Specifically, the prosecution argued that Peizer entered into his first trading plan after he learned that a relationship between Ontrak and a key customer was deteriorating and that the customer had serious reservations about continuing its contract. Peizer was alleged to have entered into a second trading plan just an hour after he learned that the contract was likely to be terminated.

Peizer also ignored warnings from brokers, attorneys, and another company executive who urged him to allow time to pass between entering into the trading plans and selling stock — a “cooling off” period. Instead, Peizer began selling stock just one day after entering into each of the two plans, and when the cancellation of the customer’s contract was announced publicly, the stock price declined by more than 44%.

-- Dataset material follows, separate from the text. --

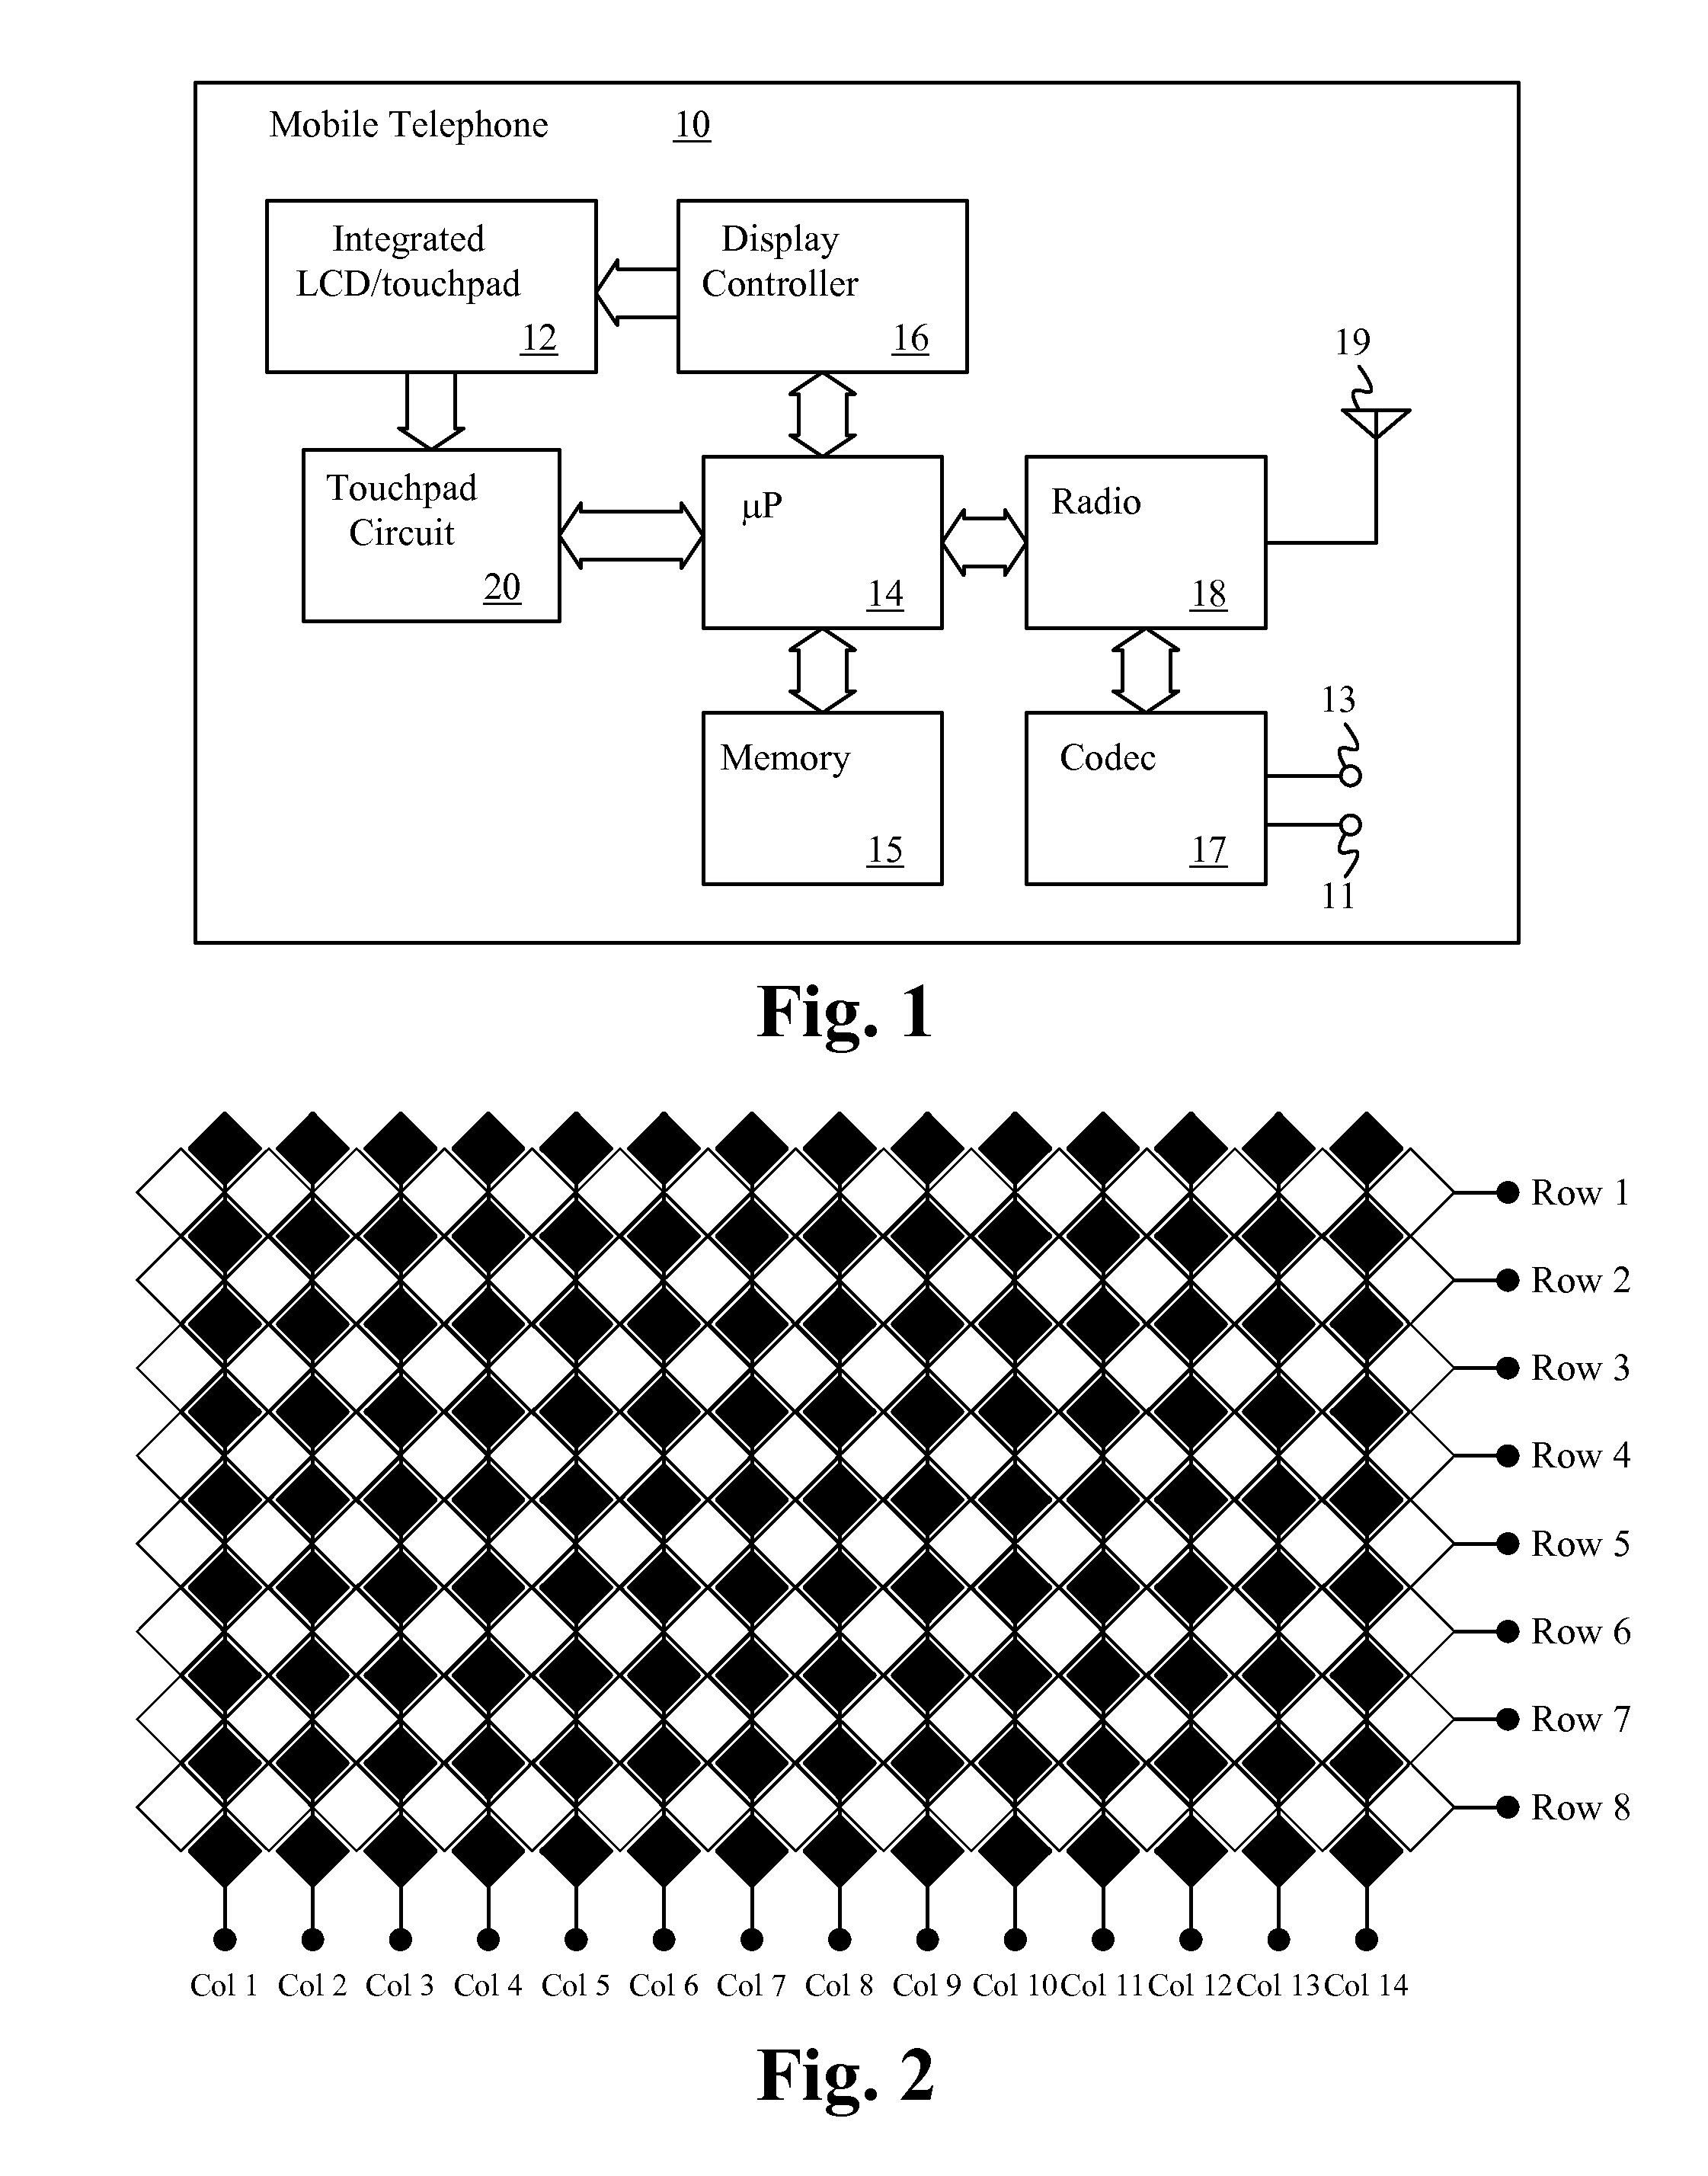 Use of random sampling technique to reduce finger-coupled noise
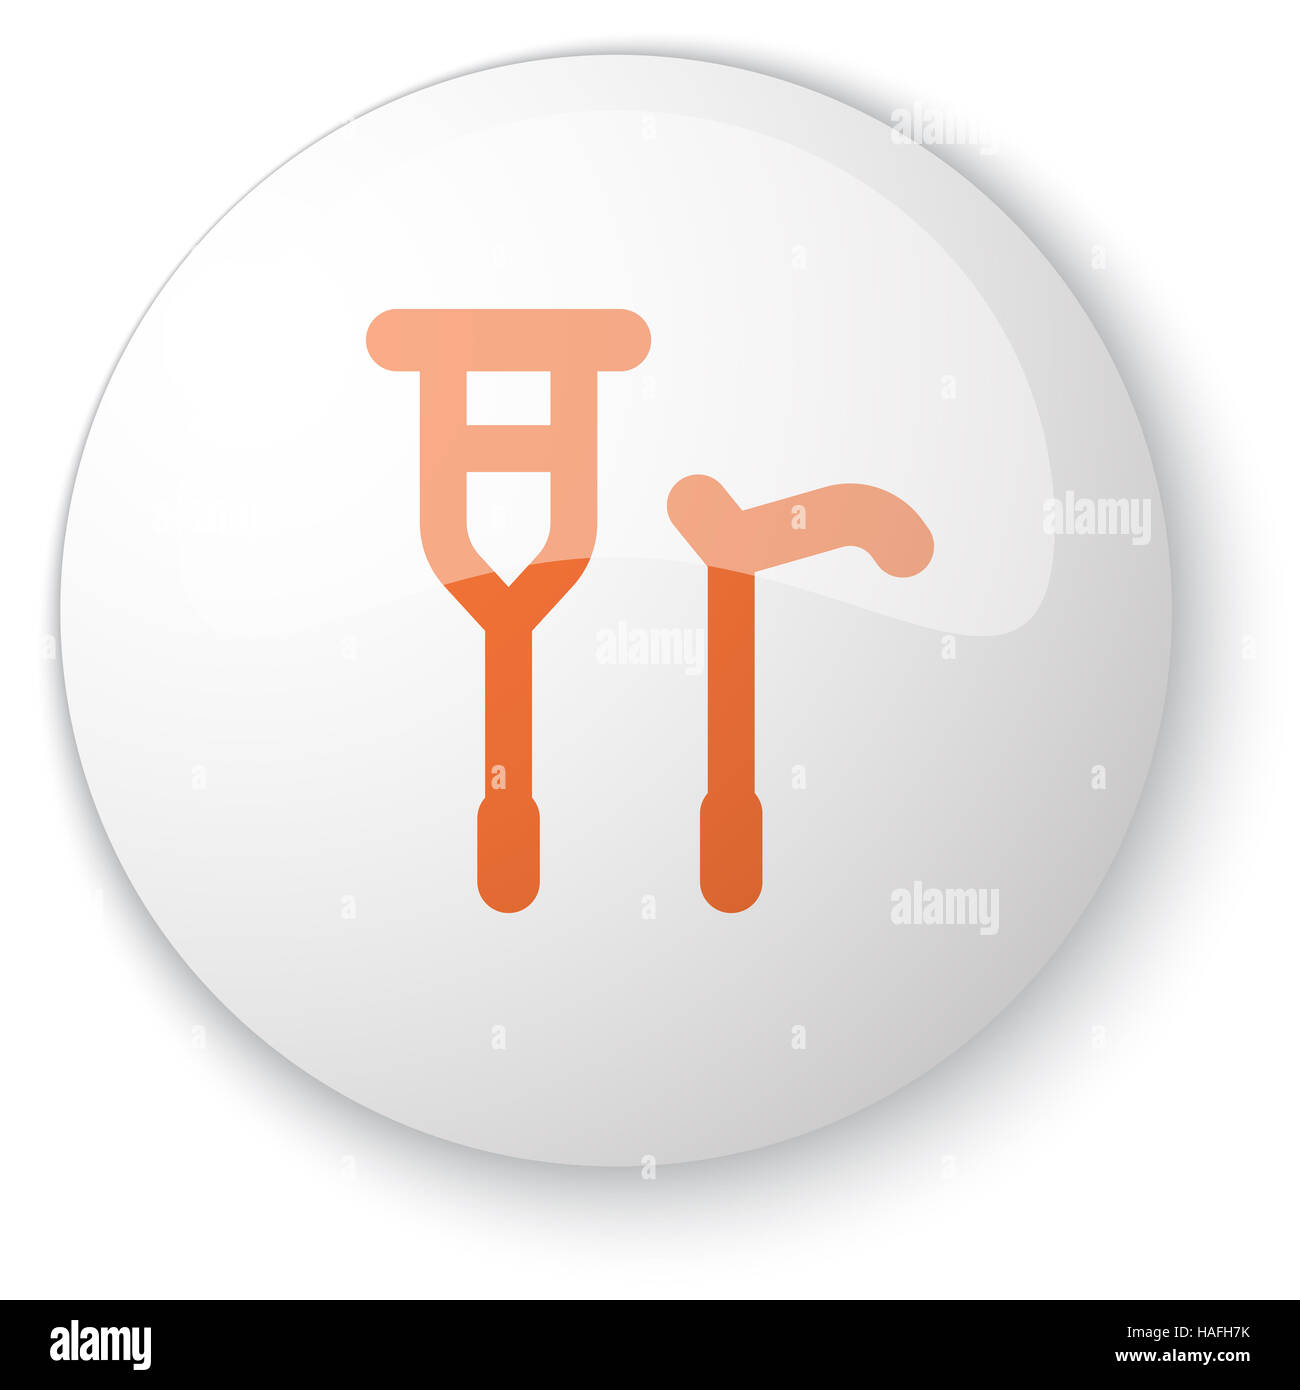 Bouton web blanc brillant avec l'icône de canne béquille orange sur fond blanc Banque D'Images

While the case may have reverberations for the many executives who rely on Rule 10b5-1 trading plans, the specific facts of the case suggest that the plans are still a viable tool when used in good faith and when they are established at a time when the insider is not in possession of material nonpublic information.

The best practices for relying upon such a plan include entering into the plan when the insider does not possess material nonpublic information, allowing a “cooling off” period of at least 30 days from when the plan is established until the first transaction, making sure that there are clearly defined parameters within the plan as to the price and/or timing of the trades, and avoiding making any amendments or terminating the plan when the insider remains in possession of material nonpublic information.

While Rule 10b5-1 trading plans do not provide immunity from prosecution — particularly where they are being used in bad faith to avoid losses — they still represent a strong defense when used properly.